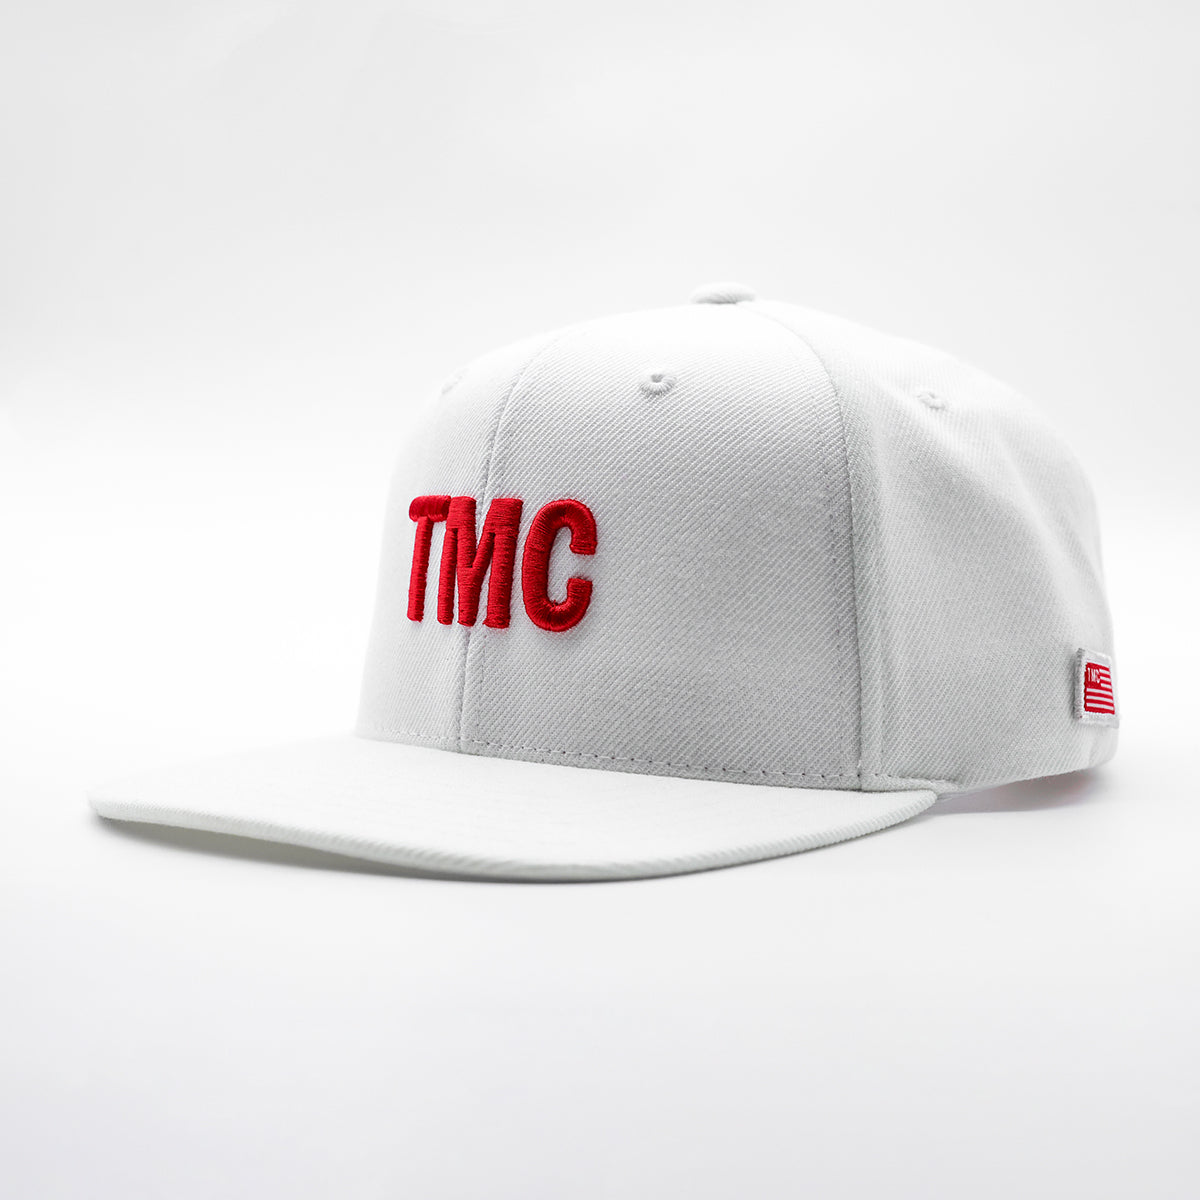 TMC Limited Edition Snapback - White/Red - Angle
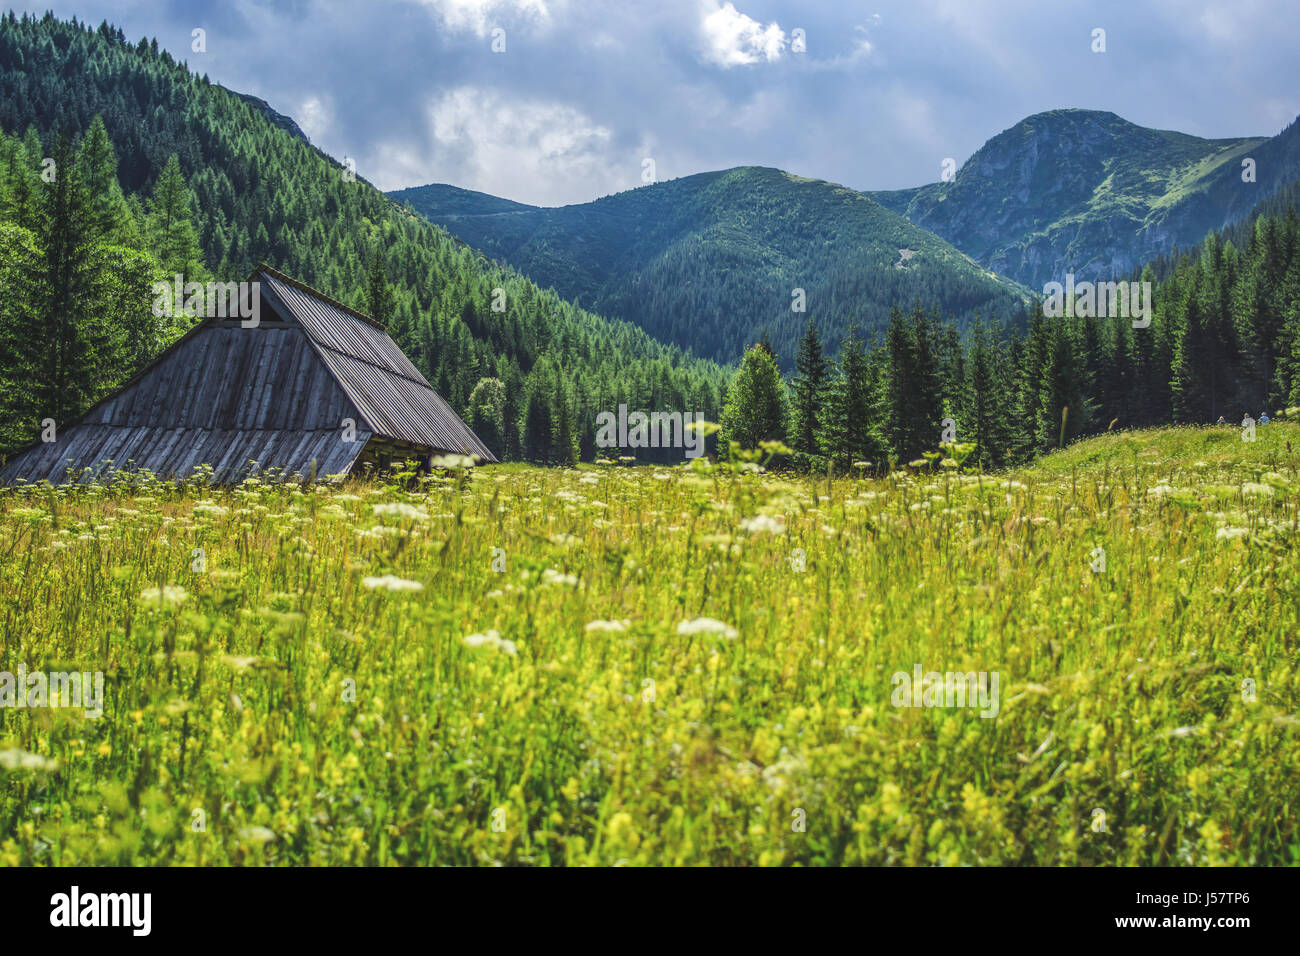 Dolina Jaworzynka, a valley in the Polish Tatra mountains with wooden houses. Stock Photo
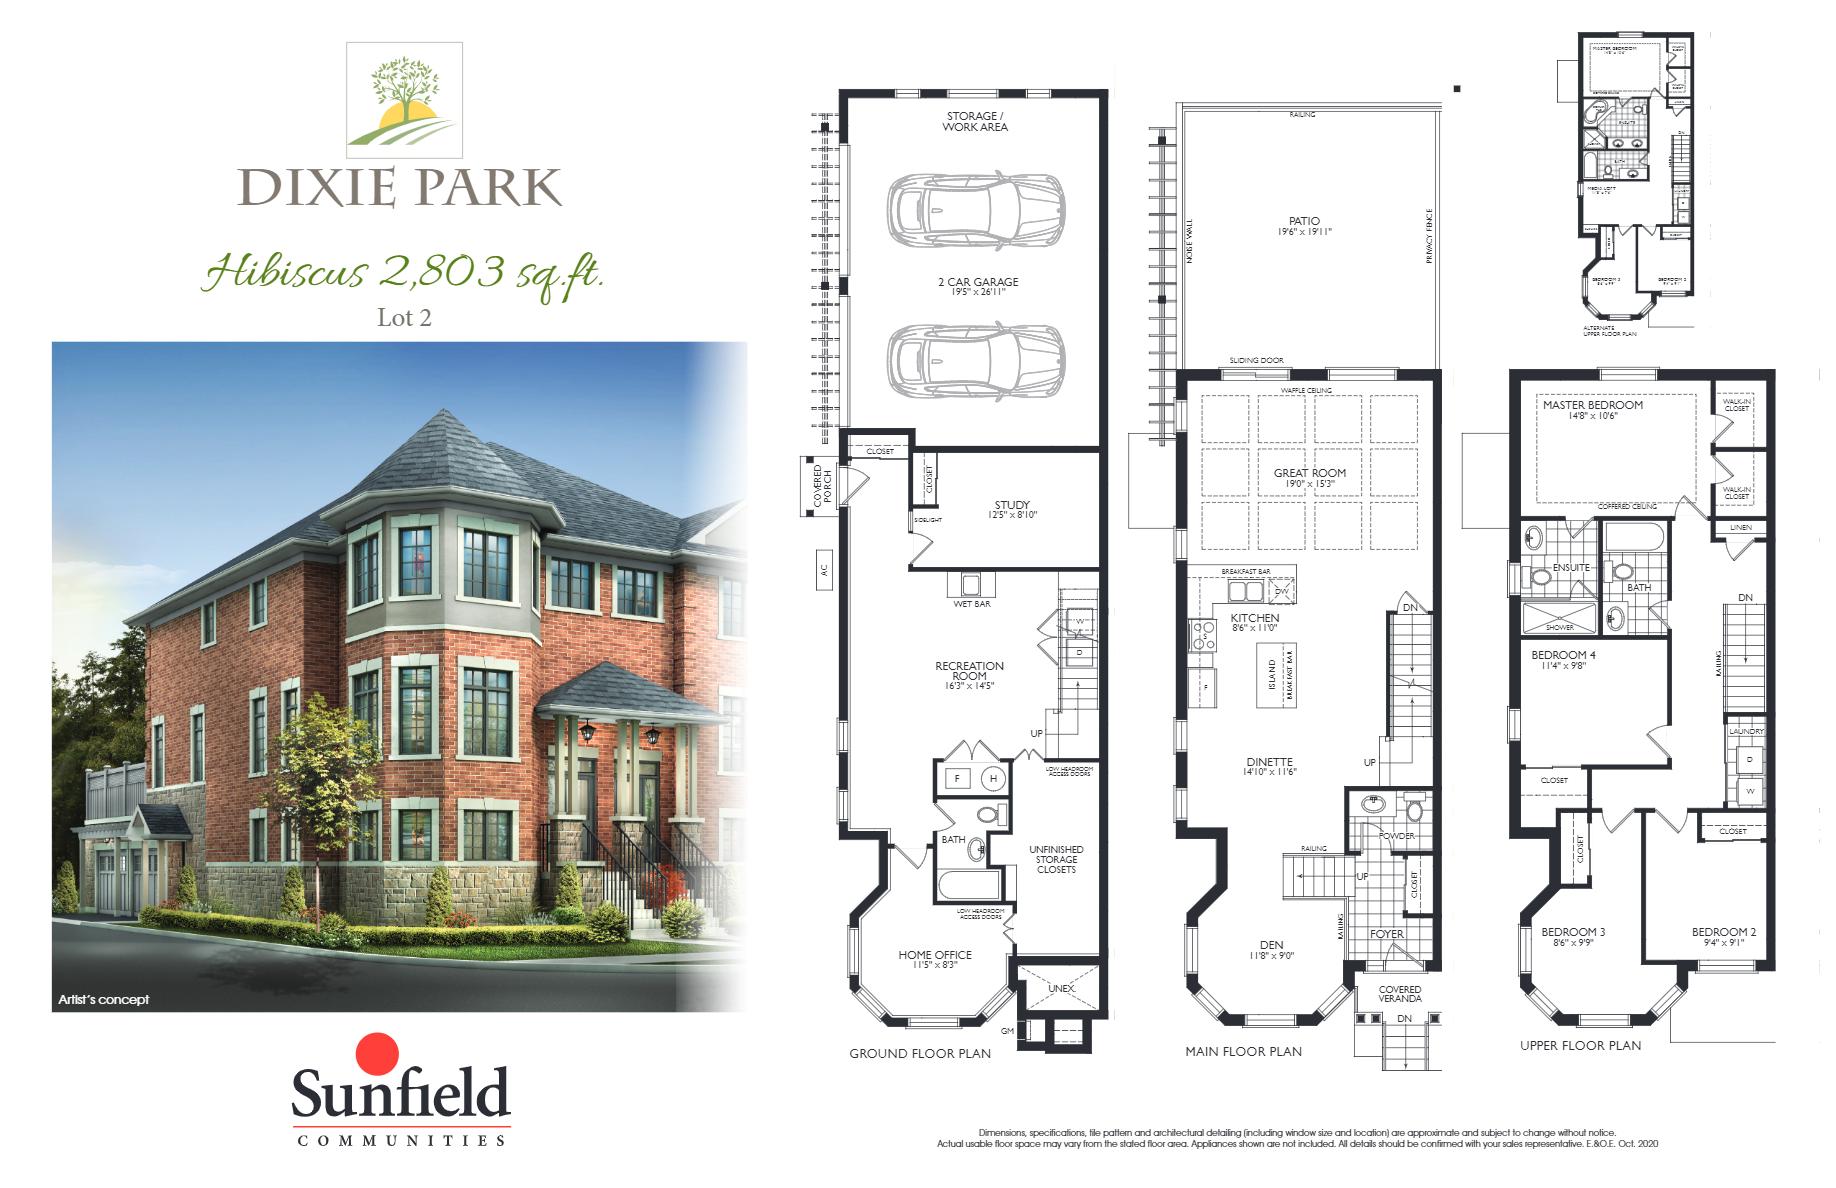  Floor Plan of Dixie Park with undefined beds
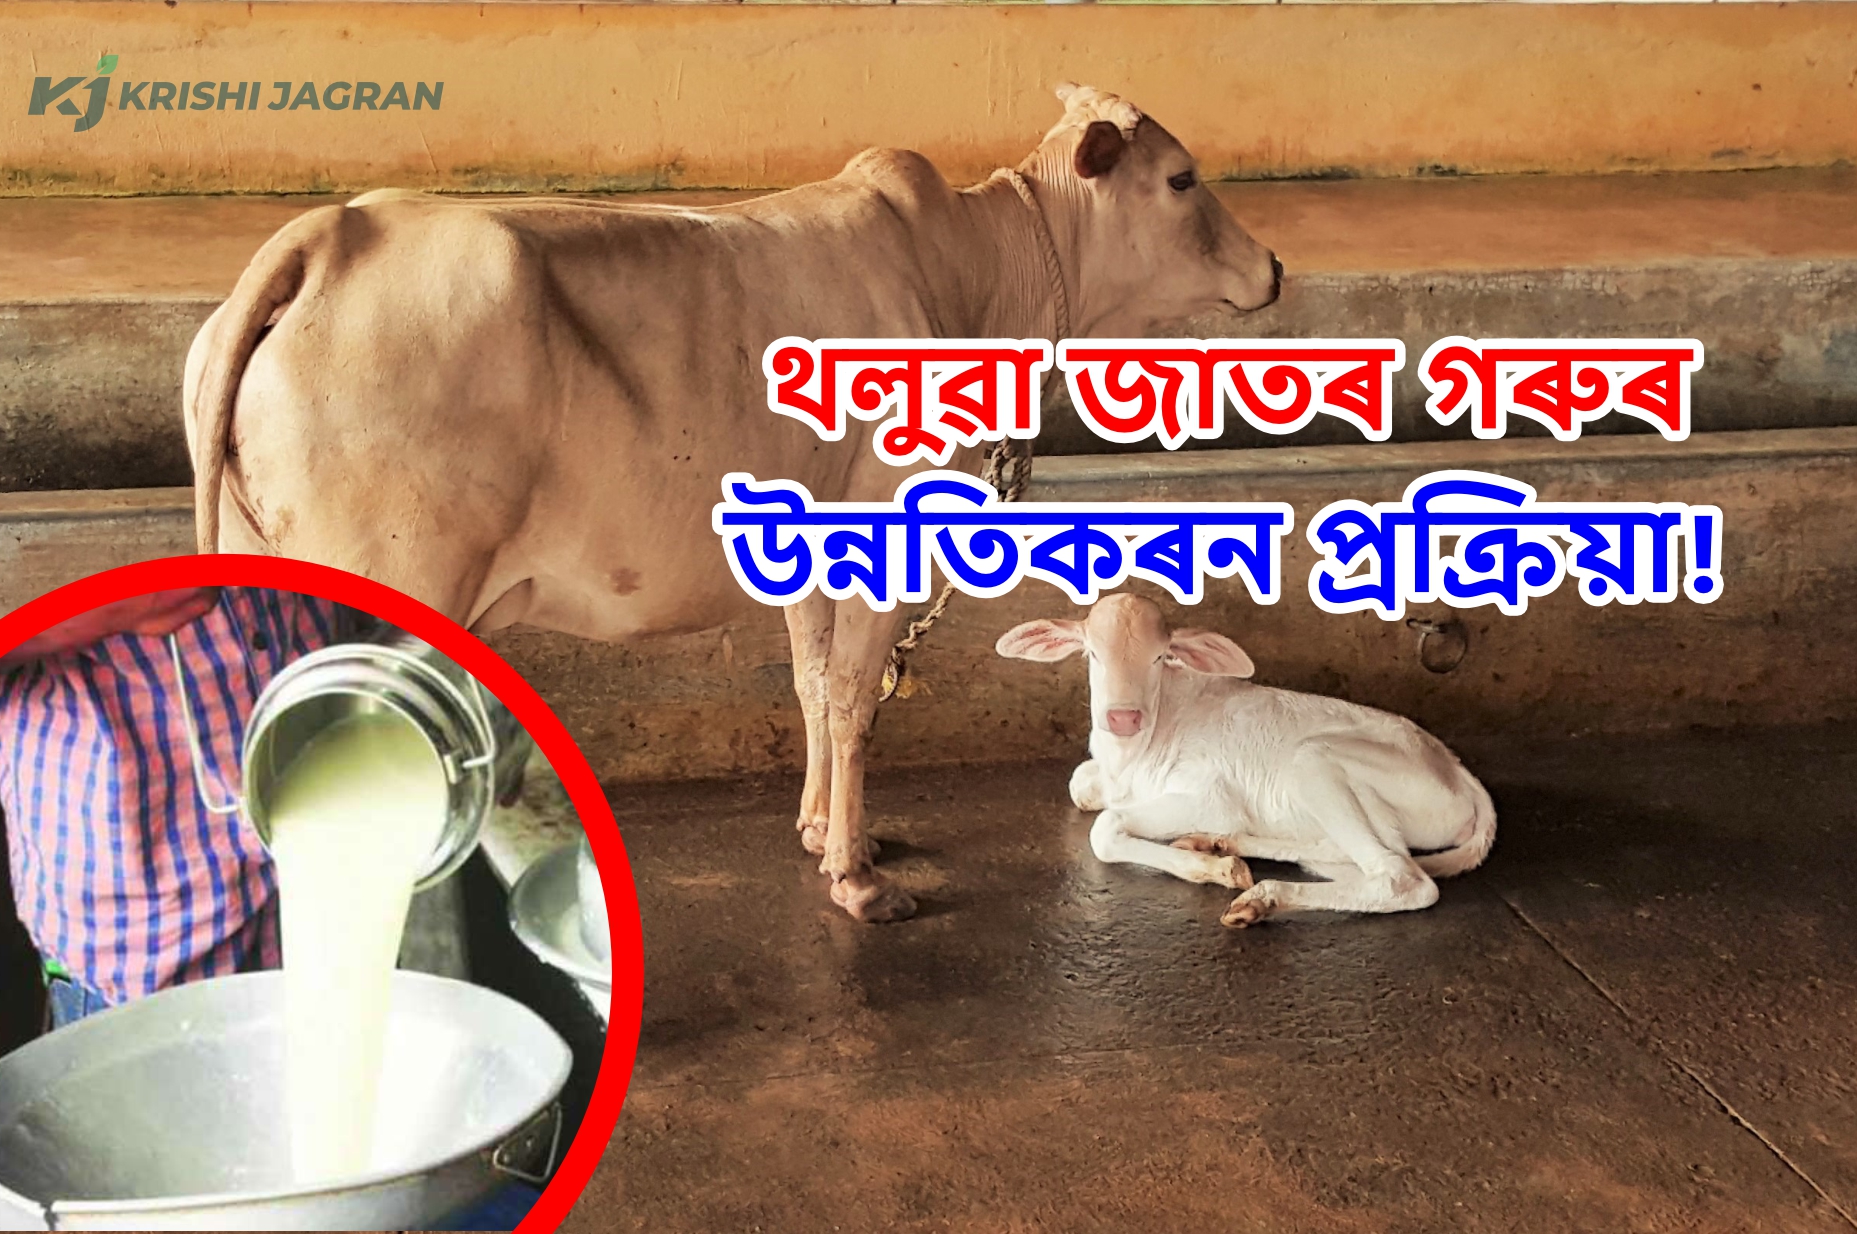 Improvement of indigenous breeds of cows for higher milk production

********

_Brief:_ Only the pictures are to be left out; repeat all other material exactly.

_Answer to the exercise:_
 TMC Limited Edition Snapback - White/Red - Angle
 Dolina Jaworzynka, a valley in the Polish Tatra mountains with wooden houses. Stock Photo
  Floor Plan of Dixie Park with undefined beds
 Improvement of indigenous breeds of cows for higher milk production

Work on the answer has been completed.